認知言語学を英語で学ぶ

今日は少し自分にねぎらいのことばを。

博士候補になるために、「技法科目」というのがある。専門分野を深める上での必要スキルを習得するという発想なのだが、僕の専門は、ネットワークガバナンスというプログラムなので、専門があってないようなものだ。

簡単に言うと、ネットワーク社会の組織などのガバナンスを考えるということなので、組織論、情報技術、戦略論、ゲーム理論、メディア論、社会学、経営史・・・を広く浅く学ぶ傾向がある。それで、いわば消去法で技法科目として選択されたのが、結局英語(英語で何かを学ぶクラス)だった。

で、厄介なのは相対評価でAを取らないといけないということだった。割合としては15〓20%程度で、指定された英語のコースは相当レベルの高い人が少人数(30人弱)で受けるコースなので、上位5〓6人に入らないといけない。しかも問題はこの学校はグループワークが大好きで、5〓6人でプレゼンテーションをさせる。すると上位1グループに入らないといけない。

で、昨日は自分たちで企画したリサーチの結果を発表するという2回目のプレゼンテーションで、世界的にも有名な認知言語学のT先生から「もう安心しても良いですよ。このリサーチと結果であれば、学会発表しても良いぐらいだ。
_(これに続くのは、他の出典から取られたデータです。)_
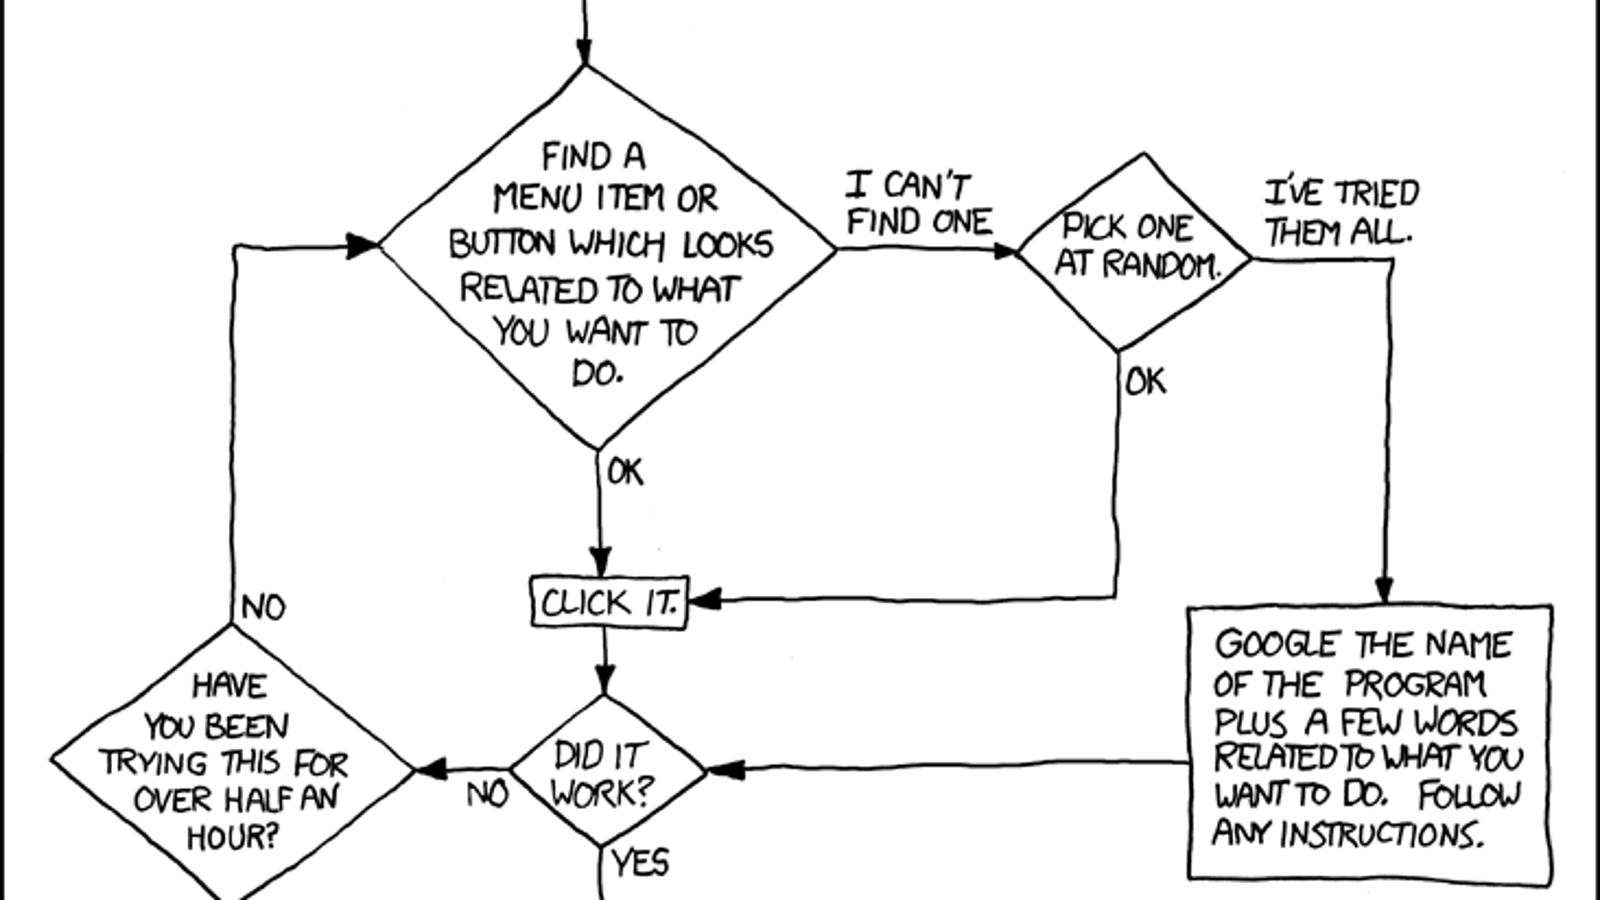 Tech Support Cheat Sheet Reveals the Secrets of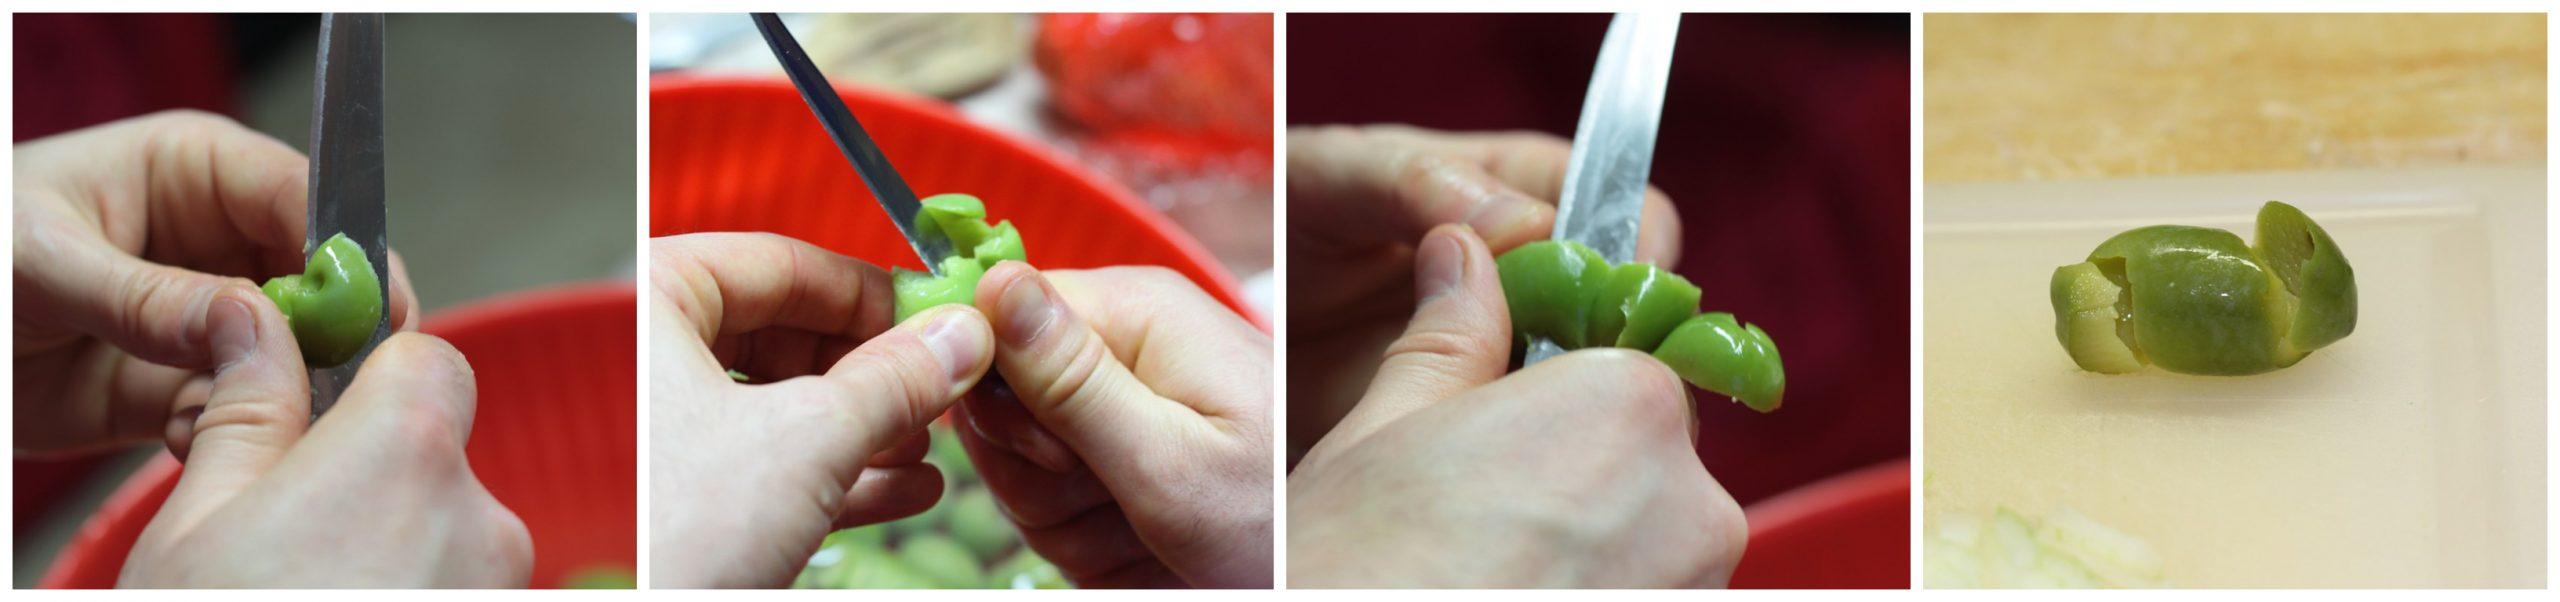 Come tagliare le olive

専門が言語学とは違う人でグループが構成されているようだから、聴講生のNくんにでもやってもらえばよいかな」という評価を得た。まだ最終のレポート課題があるが、何とかなったのではないだろうか。

幸い、もう一人同じ境遇の博士学生がいたので、タッグを組み、学部生に対する指導とマネジメントが10月から始まった。幸いなことにわれわれのグループはメンバーのバランスが取れていた。企業で約款改定の仕事をしていたものすごい几帳面な博士学生、一般言語学を専攻する修士学生、英語が好きで従順な女子学生(複数)、他大学から聴講に来ている英文学専攻の学生、そして計量的分析とプレゼンテーションツール作成とプロジェクトマネジメントとプレゼンテーションのプロである私だ。

初回のプレゼンテーションでは「この論文は最高の論文だが、わかりにくすぎて絶対教材には使わない」とアメリカの某言語学者も言う、T先生の「2重目的語をとるGIVEの与格交換」についての論文に対して、わかりやすいスライドを80枚作り、70分でプレゼンした。T先生も「なるほど、こういう風に表現すれば、わかりやすくなるね。すばらしい」と言ってくれた力作だった。もちろん論旨の把握についてはみんなで議論して、私はそれをわかりやすく表現しただけだったが。

道中、思い出はいろいろあるが、突っ走りがちな博士2人に対して学部生が抱きがちな「ついていけない」という気持ちを生まないようにという点に一番気を配った。こんなことは入社1年目の仕事で、ある商品の広告企画を立てるときに、私のいた会社が持つ巨大な消費者調査のデータを使っていちから積み上げ式で作業をして、部長に「そんなことやっても無駄というか、そこまでやる必要ない」と言われて以来の経験である。最近はひたすら、大枠を作ったらあとは部下任せだったからなぁ。

で、内容的にも認知科学とつながる認知言語学の基礎がわかったことは収穫があった。しかし、こういう分析をアルゴリズムに落とすってのは本当に大変だな。